Epithelioid sarcoma as a distinct entity was first described by Enzinger in 1970.[1] It is a rare high-grade soft tissue sarcoma with a known propensity for local recurrence. It accounts for less than 1% of soft tissue tumors.[2] The tumor poses a diagnostic difficulty and is often misdiagnosed as a benign condition or another malignant process.

The presentation is typically as a subcutaneous or deep dermal lesion in the distal portion of the upper extremities in young adults, but the tumor may also occur in the lower extremities and occasionally in the trunk or head and neck region.[3] Epithelioid sarcoma has a tendency to spread locally by way of lymphatics or along fascial planes and may give rise to multiple local nodules. Superficial tumors often ulcerate. Diagnosis is made by typical histological features of distinct nodular aggregates of epithelioid and spindle cells with zonal necrosis. It exhibits immunohistochemical reactivity for epithelial markers-keratins and epithelial membrane antigen, and for mesenchymal markers-most notably vimentin and CD34.[4] Our case had the tumor for a long duration of seven years before the correct diagnosis was made.

Epitheloid sarcoma is often misinterpreted on histopathology and misdiagnosed as granulomatous disease, wart, synovial carcinoma, ulcerating squamous cell carcinoma, amelanotic melanoma, clear cell sarcoma and epithelioid hemangioendothelioma.[1],[5],[6],[7] However, in epithelioid sarcoma, the epithelioid cells in the lesions are more sharply defined than in granulomas and the epithelioid cells are larger, more eosinophilic and less mature in nature.[6] Epithelioid sarcoma can be differentiated from synovial sarcoma by the absence of pseudoglandular structures and tendency to ulcerate. Absence of keratin pearls and dyskeratosis in the adjacent epithelium helps its differentiation from squamous cell carcinoma. Epitheliod hemangioendothelioma is a low-grade vascular neoplasm which can mimic epithelioid sarcoma and can be excluded by the absence of necrosis and low mitosis.[7] The present case was misdiagnosed as cutaneous tuberculosis elsewhere and the superficial biopsy of the lesion in our hospital was reported as epithelioid hemangioendothelioma. Diagnosis of epithelioid sarcoma was however established by a deeper biopsy because of its typical histopathological features. Immunohistochemical staining could not be done due to resource constraints.

Prognosis is dependent on the depth of the tumor in relation to the deep fascia, local recurrence and regional lymph node involvement. The size of the primary lesion is not a reliable indicator of prognosis, but smaller tumors are associated with significantly better distant metastasis-free interval.[8] Distal limb tumors have been reported to have better prognosis than the proximal limb and axial tumors. The present case did not show local spread or involvement of regional lymph nodes.

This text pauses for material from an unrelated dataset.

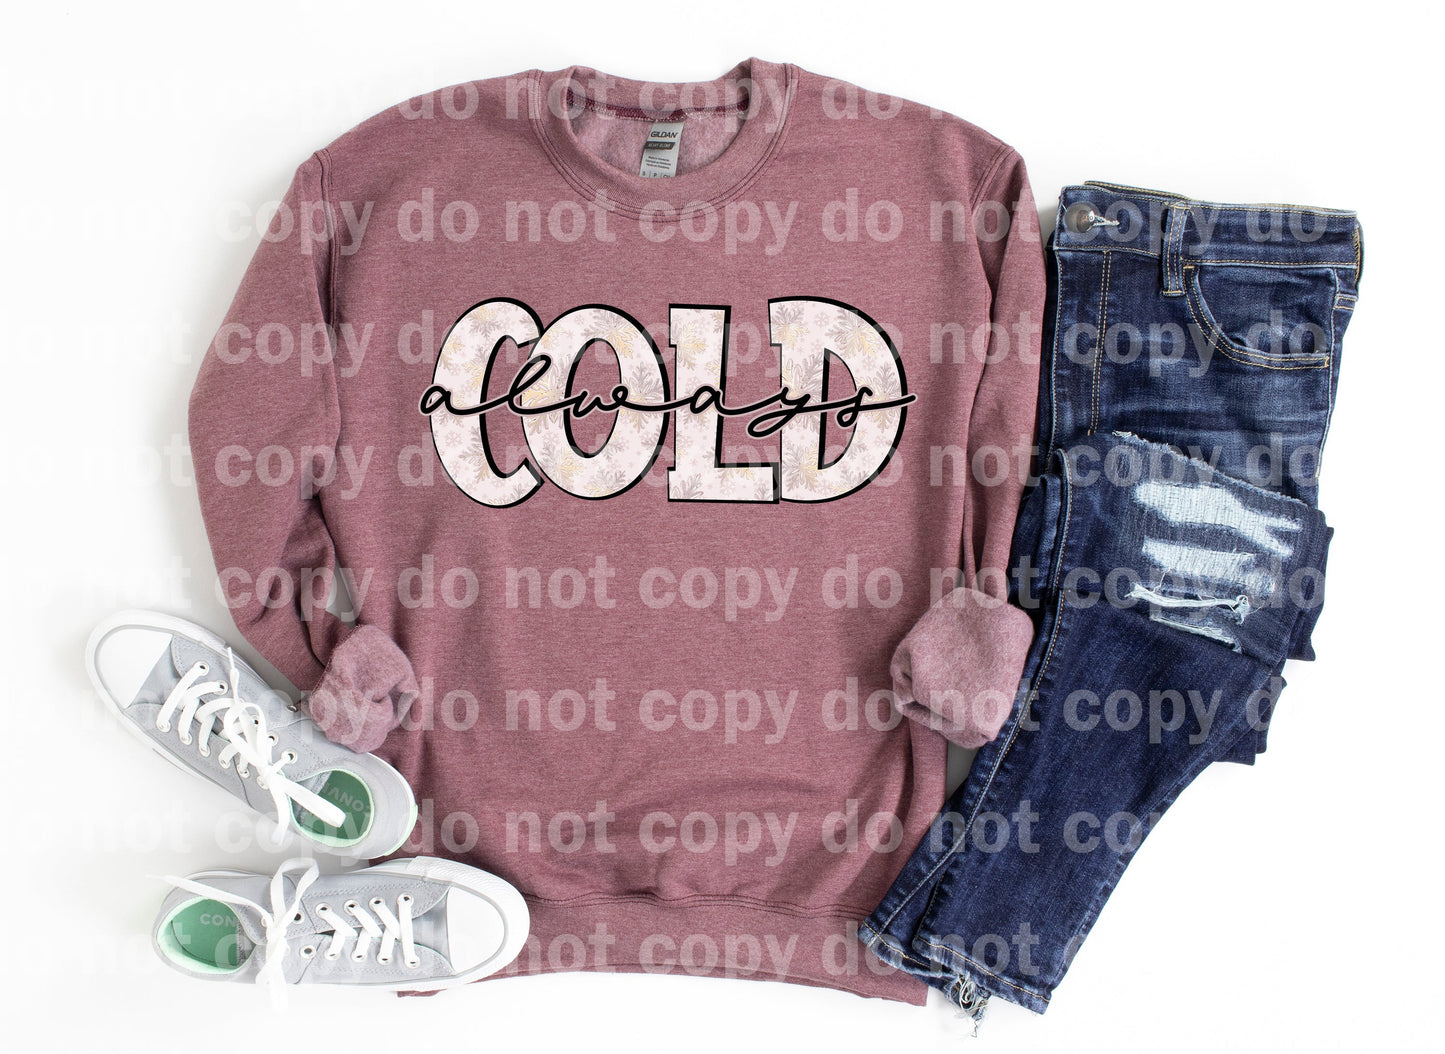 Always Cold Dream Print or Sublimation Print

A local recurrence rate of 35%,[8] 69%[2] and 77%[5] has been reported in the literature. Epitheloid sarcoma has a tendency to be multifocal at recurrence. The frequency of regional lymph node metastasis is typically between 22 and 45%. Distant metastatic disease has been reported in up to 45% of patients with epithelioid sarcoma.[1],[2] The metastasis is usually to the lung and pleura.[8] No distant metastasis was detected in our patient at the referred oncology centre.

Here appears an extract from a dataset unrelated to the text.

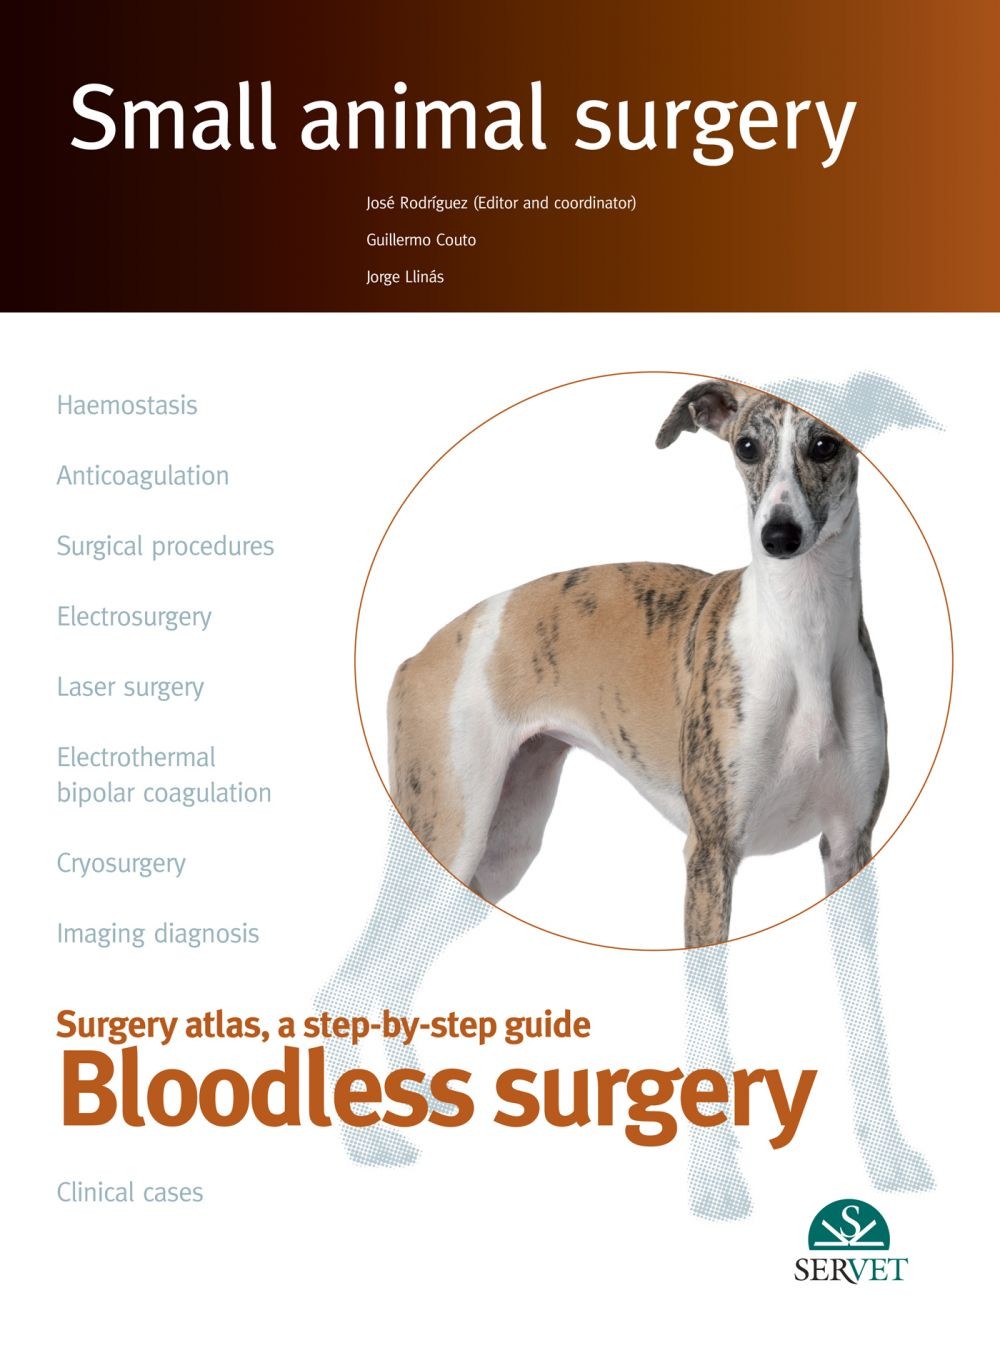 Small Animal Surgery. Bloodless Surgery - Librerie.coop

The treatment of primary disease is wide local excision, followed by adjuvant radiotherapy, in an attempt to lower the risk of local recurrence. Though amputation is required relatively frequently in epithelioid sarcoma because of the tendency of multifocal disease, there is no survival advantage from primary amputation. Chemotherapy is recommended for metastatic disease, with a standard regimen, which typically includes ifosfamide or doxorubicin, sometimes in combination. Our patient underwent wide excision of the lesion followed by radiotherapy and is free of the disease one year after the diagnosis.